EUROPEAN FX UPDATE: DXY grinds higher amid continued NZD losses and a heavy GBP
USD: DXY +0.2%; 99.08
- A fourth session of gains for the broader USD and index, this time with a lending hand from GBP weakness (more below), as well as ongoing losses in the NZD following the 50bps jumbo rate cut delivered by the RBNZ yesterday.
- The macro narrative surrounding the US remains a downbeat one as the government shutdown continues to drag on, delaying economic data releases and threatening a hit to domestic growth, with today's weekly Jobless Claims also shelved for now.
- The minutes from the FOMC's September meeting, in which it cut the FFR by 25bps (subject to dovish dissent from Miran), had both hawkish and dovish elements. Participants judged that a cautious approach to future policy was warranted, while a majority of participants emphasised upside risk to their outlook for inflation – no notable reaction was seen on the release.
- Today's US data docket is light, given the continued US government shutdown, but the speaker's slate is plentiful. On today's speakers' slate: Fed Chair Powell (remarks are pre-recorded, and a text release is expected, but no Q&A), Fed Governor Bowman (voter; text expected), Fed's Goolsbee (2025 voter; no text expected), Fed's Barr (voter; text expected), and Fed's Kashkari (2026 voter).
- DXY prints on either side of 99.00 and eclipsed yesterday's peak (99.06) before encountering some resistance. The index trades in a 98.70-99.08 parameter at the time of writing.
EUR: EUR/USD -0.2%; 1.1605
- Subdued but to a lesser extent than some peers, with some degree of certainty arising on the French political front, with news that French President Macron will name a new PM in the next 48 hours and said there is a possible path to a budget by December 31st. Polymarket odds point to a 32% chance of a French election being called by the end of the month, vs a c. 70% probability yesterday morning, according to ING.
- On the data front, Germany printed a larger trade surplus than expected, although imports and exports contracted. This follows a string of woeful German data, with German Industrial Output and Industrial Orders this week falling well short of consensus.
- Ahead, the ECB will publish the minutes of its latest meeting, though analysts do not expect the release to shift the dial very much. As expected, the ECB held the deposit rate at 2%. Attention focused on the macro projections, which saw the 2026 inflation forecast rise slightly to 1.7% from 1.6%, below the 1.9% consensus. This prompted a dovish market reaction at the time.

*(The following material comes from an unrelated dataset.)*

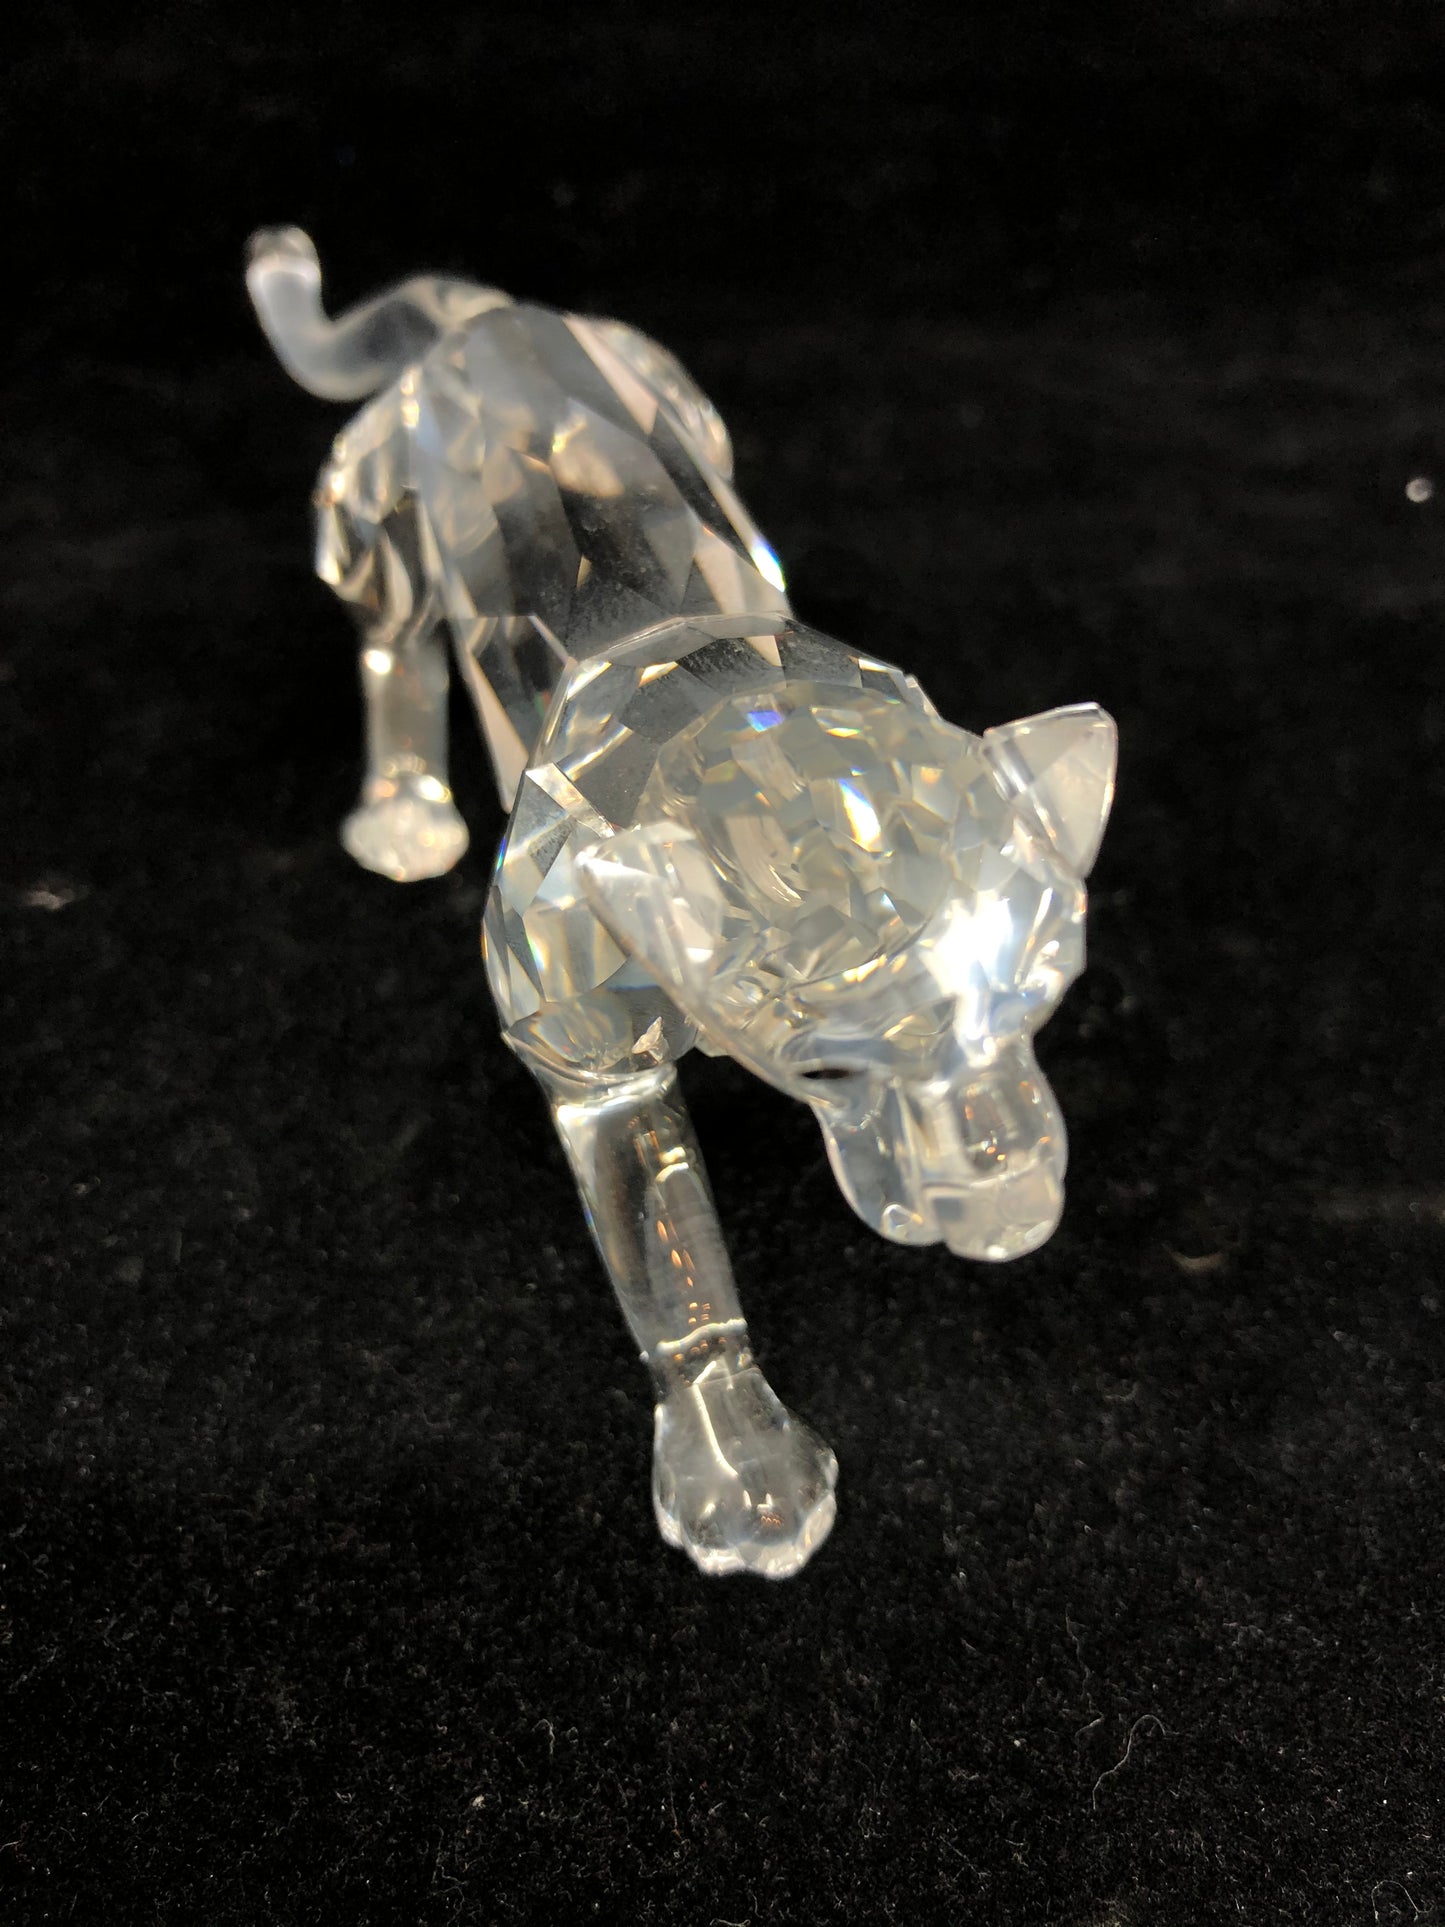 Swarovski "African Wildlife" Leopard Crystal Figurine

- EUR/USD trades towards the bottom end of a 1.1607-1.1648 range, at the time of writing, having printed on either side of its 100 DMA (1.1633) and with yesterday's low at 1.1598. If 1.1600 convincingly gives way in EUR/USD, the next target comes via the 27th August low at 1.1573.
JPY: USD/JPY +0.2%; 152.95
- USD/JPY tilts higher amid Dollar strength and following rangebound APAC trade amid a pause from the recent Takaichi-related advances, with her economic measures and PM nomination said to likely be delayed.
- The desk at ING suggests, "For USD/JPY to come lower now, we need one of three things to happen: i) broad-based dollar weakness on soft US labour market data, ii) the BoJ surprising with a rate hike in late October or iii) some sharp correction in global equity markets."
- USD/JPY has climbed as high as 153.22, with focus now on whether the pair begins to approach 155, given the velocity of the move, expectations of potential intervention will likely increase.
GBP: GBP/USD -0.4%; 1.3348
- Among the laggards, despite limited newsflow before comments from BoE's Mann.
- Initial losses were seemingly driven by technicals as GBP/EUR fell under 1.1500, with the EUR supported by French politics, whilst GBP/USD later fell under 1.3350. EUR/GBP eyes 0.8700 to the upside.
- BoE's Mann stuck to her stance, arguing that "policy needed to remain restrictive for longer, both to squeeze out inflation persistence". Little reaction was seen on the comments.
- GBP/USD eyes the 26th September low at 1.3330 before the 25th September trough at 1.3324.
Antipodeans: AUD/USD -0.3%; 0.6569. NZD/USD -0.5%; 0.5760
- Subdued with little notable influence from China's return from the National Day Golden Week holiday, whilst the Kiwi underperformed and is still feeling the hangover from the RBNZ yesterday, in which it cut the OCR by 50 basis points, emphasised prolonged spare capacity and the associated downside risk to medium-term activity and inflation.